Search code examples
urlwebunicodeiri

What are the eligible characters in a URL's Fragment (location.hash)?


Context: I am creating an app that stores its data in the location.hash. I want to encode as few characters as possible to maintain maximum legibility.

As explained in this answer, reserved characters are different for each segment of the URL. So what are the limitations for URL Fragment/location.hash specifically?

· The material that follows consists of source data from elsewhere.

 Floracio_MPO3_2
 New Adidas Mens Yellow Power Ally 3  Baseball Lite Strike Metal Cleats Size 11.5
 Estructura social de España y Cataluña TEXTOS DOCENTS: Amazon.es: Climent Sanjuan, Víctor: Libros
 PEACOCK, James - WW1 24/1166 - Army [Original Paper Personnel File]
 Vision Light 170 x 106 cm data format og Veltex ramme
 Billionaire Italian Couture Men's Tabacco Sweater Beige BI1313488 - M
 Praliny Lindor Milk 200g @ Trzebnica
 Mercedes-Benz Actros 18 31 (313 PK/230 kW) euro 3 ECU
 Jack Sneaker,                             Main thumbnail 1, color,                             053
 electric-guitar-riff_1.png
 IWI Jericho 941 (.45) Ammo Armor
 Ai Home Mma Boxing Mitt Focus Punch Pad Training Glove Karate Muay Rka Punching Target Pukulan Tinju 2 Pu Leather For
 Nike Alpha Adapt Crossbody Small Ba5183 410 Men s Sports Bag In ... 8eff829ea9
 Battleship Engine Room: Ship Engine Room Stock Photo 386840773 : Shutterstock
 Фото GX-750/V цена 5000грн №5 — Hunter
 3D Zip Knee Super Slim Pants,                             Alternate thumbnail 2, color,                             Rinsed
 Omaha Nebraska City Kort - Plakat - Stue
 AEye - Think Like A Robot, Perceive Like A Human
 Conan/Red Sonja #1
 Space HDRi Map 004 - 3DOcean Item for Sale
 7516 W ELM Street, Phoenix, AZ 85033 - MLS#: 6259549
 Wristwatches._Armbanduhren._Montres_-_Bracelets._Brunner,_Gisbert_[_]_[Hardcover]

Related post: Unicode characters in URLs


Solution

  • According to RFC 3986: Uniform Resource Identifier (URI):

    fragment      = *( pchar / "/" / "?" )
    pchar         = unreserved / pct-encoded / sub-delims / ":" / "@"
    unreserved    = ALPHA / DIGIT / "-" / "." / "_" / "~"
    pct-encoded   = "%" HEXDIG HEXDIG
    sub-delims    = "!" / "$" / "&" / "'" / "(" / ")"
                  / "*" / "+" / "," / ";" / "="
    

    Unpacking all that, and ignoring percent-encoding, I find the following set of characters:

    abcdefghijklmnopqrstuvwxyzABCDEFGHIJKLMNOPQRSTUVWXYZ0123456789-._~!$&'()*+,;=:@/?
    

    Although the RFC does not mandate a particular encoding and deals in characters only (not bytes), according to Section 2.3 ALPHA means ASCII only, i.e. the 26 letters of the Latin alphabet. Any non-ASCII letters must therefore be percent-encoded.